BEGIN Recorded information

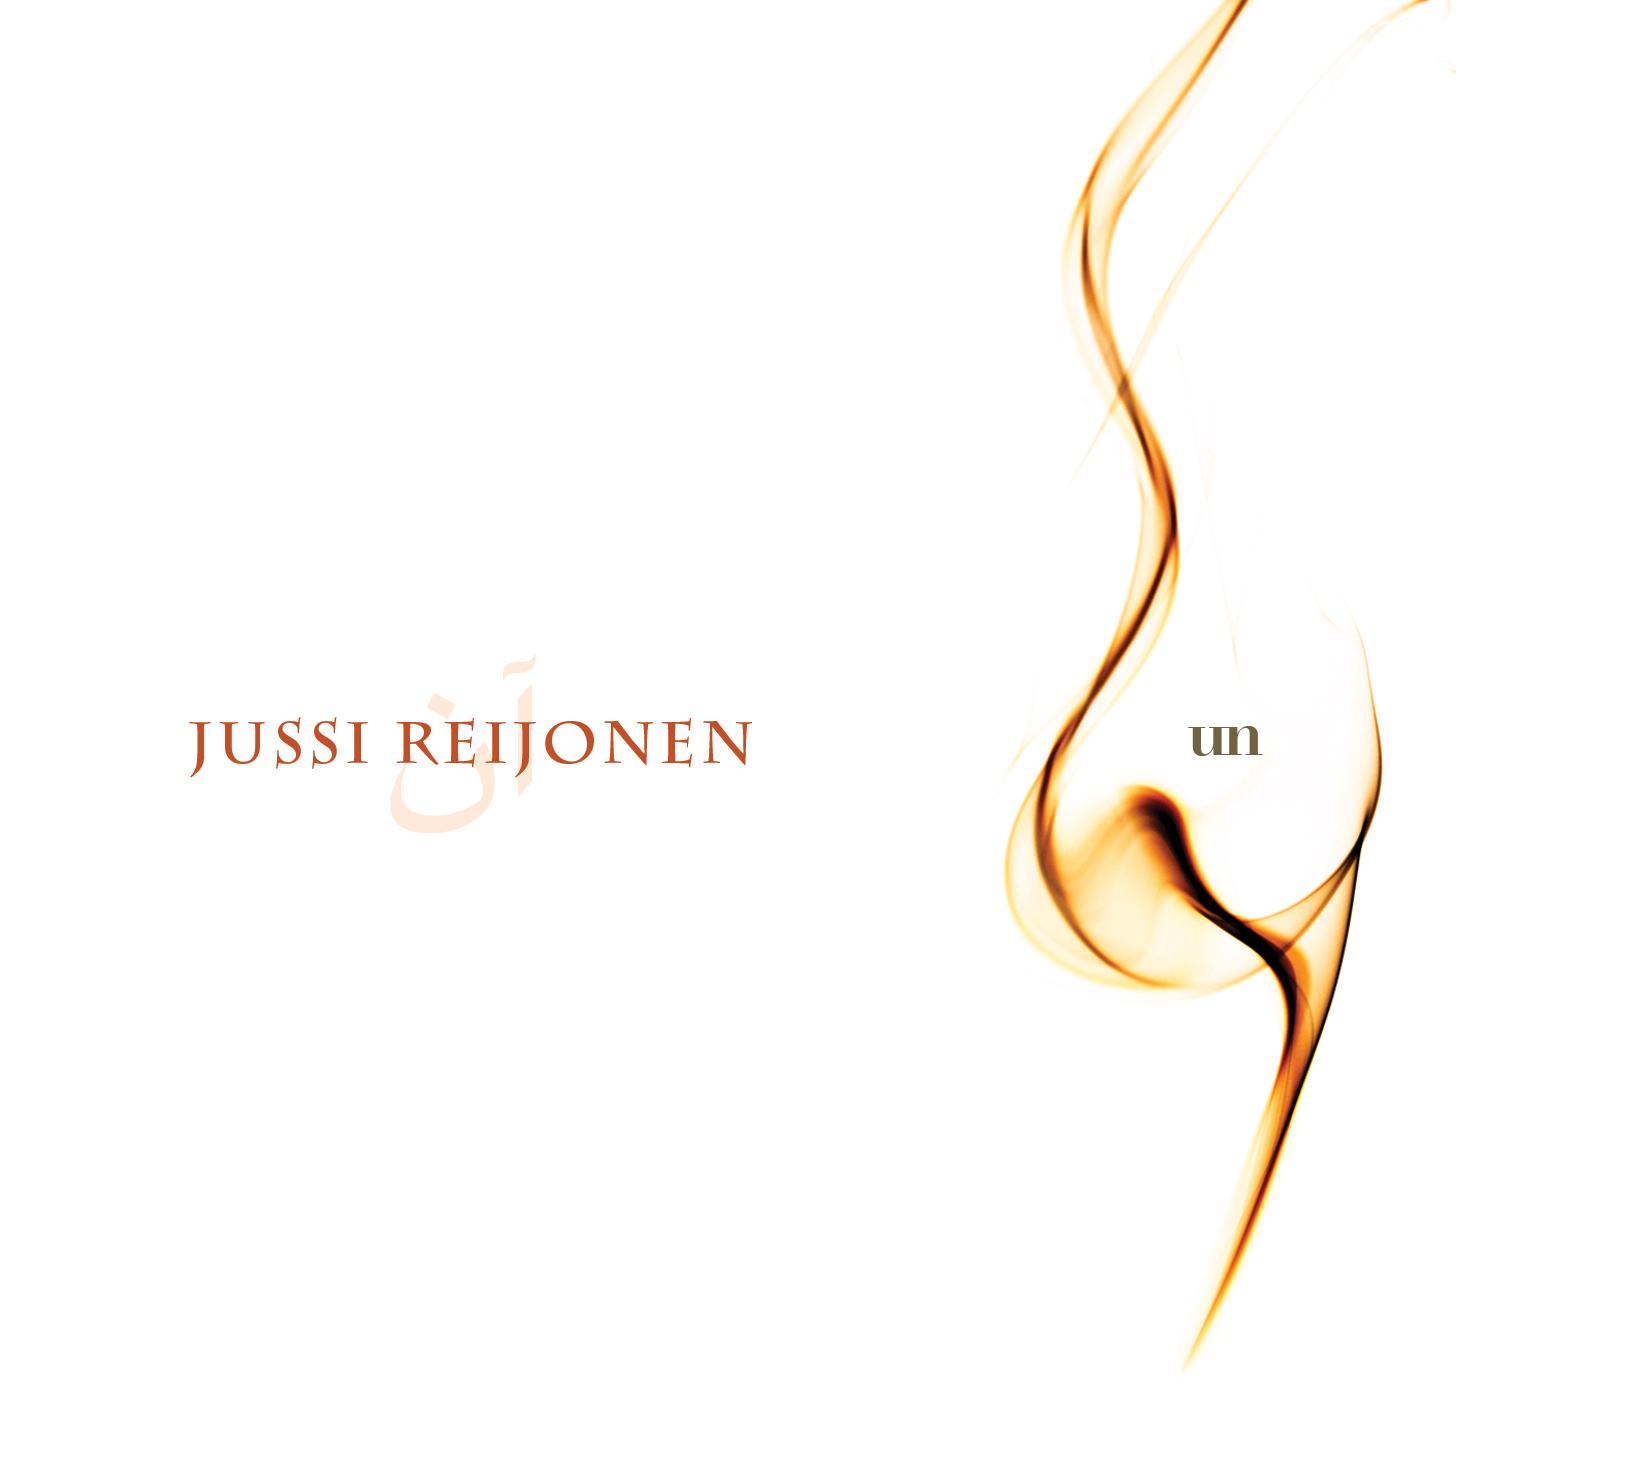 Jussi-Reijonen-Un.jpg
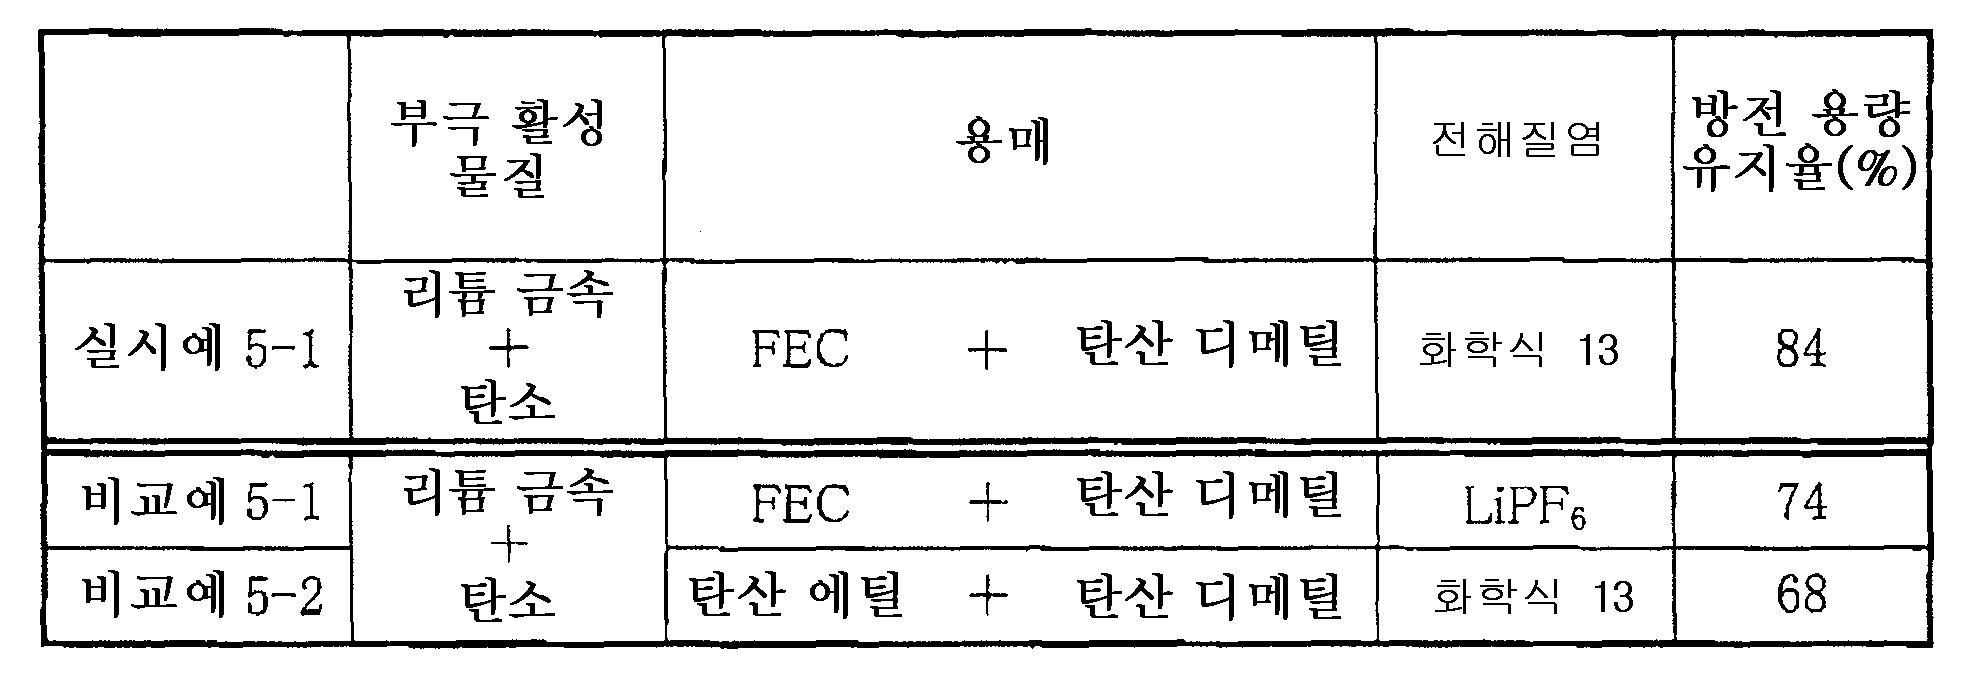 Figure 112005071934575-pat00033
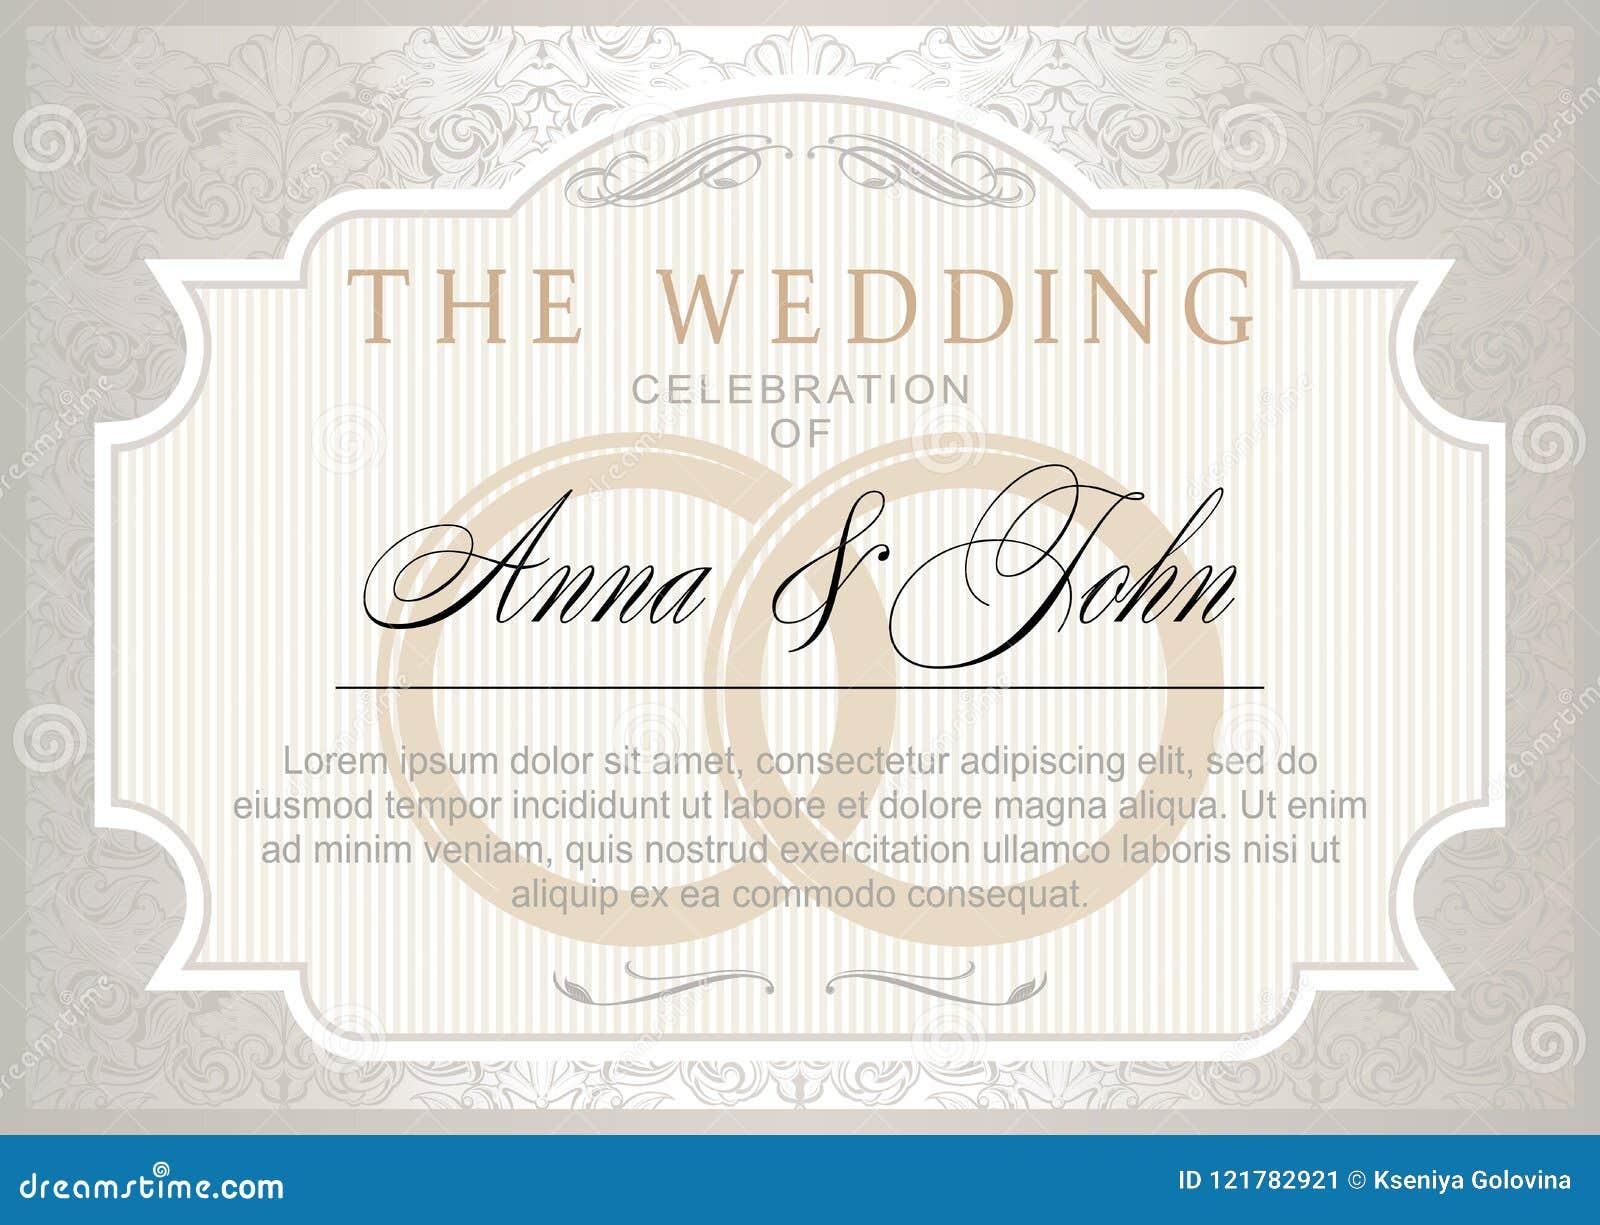 Vintage Wedding Invitation Template Stock Vector - Illustration of ...

END Recorded information

* [Work to complete]: In the copy you write, the data above must appear exactly, with no pictures.

* [Response]:
 Jussi-Reijonen-Un.jpg
 Figure 112005071934575-pat00033
 Vintage Wedding Invitation Template Stock Vector - Illustration of ...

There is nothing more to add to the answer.